Linux kernel How to deal with big-endian small end byte sequence

Source: Internet
Author: User

Recently in doing the kernel by the small end processor (arm) to the big-endian processor (PPC) of the work, now kernel into the console stable work, the basic work has been completed, but there are many ideas in the transplant or need to summarize, Today, we summarize the kernel for the processing of the size-end byte order.


Previously written on the size of the end byte sequence thinking, article link address: http://blog.csdn.net/skyflying2012/article/details/42065427.

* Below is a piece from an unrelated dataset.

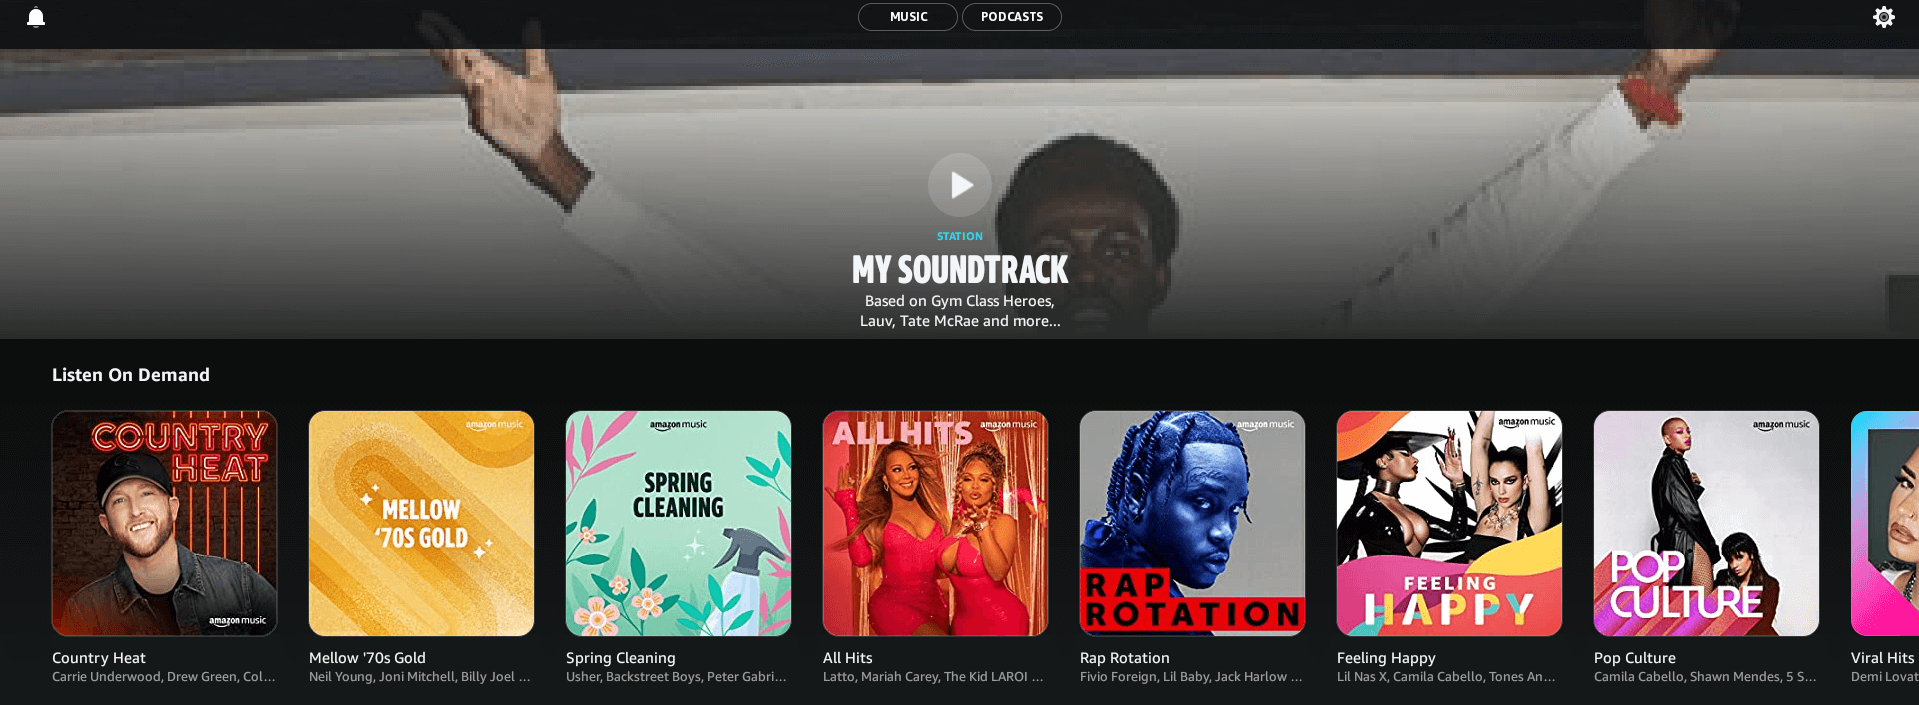 Amazon Music app user interface

According to the previous understanding, the byte order can be considered as a processor subjective concept, just like how people look at things, the processor is divided into big and small end, for the memory read and write, as long as the data type consistent, there is no problem of byte order.

So I feel that the biggest difference in byte order is the read and write of registers. Because peripheral registers are small-ended (according to the kernel code, the following are explained in detail below)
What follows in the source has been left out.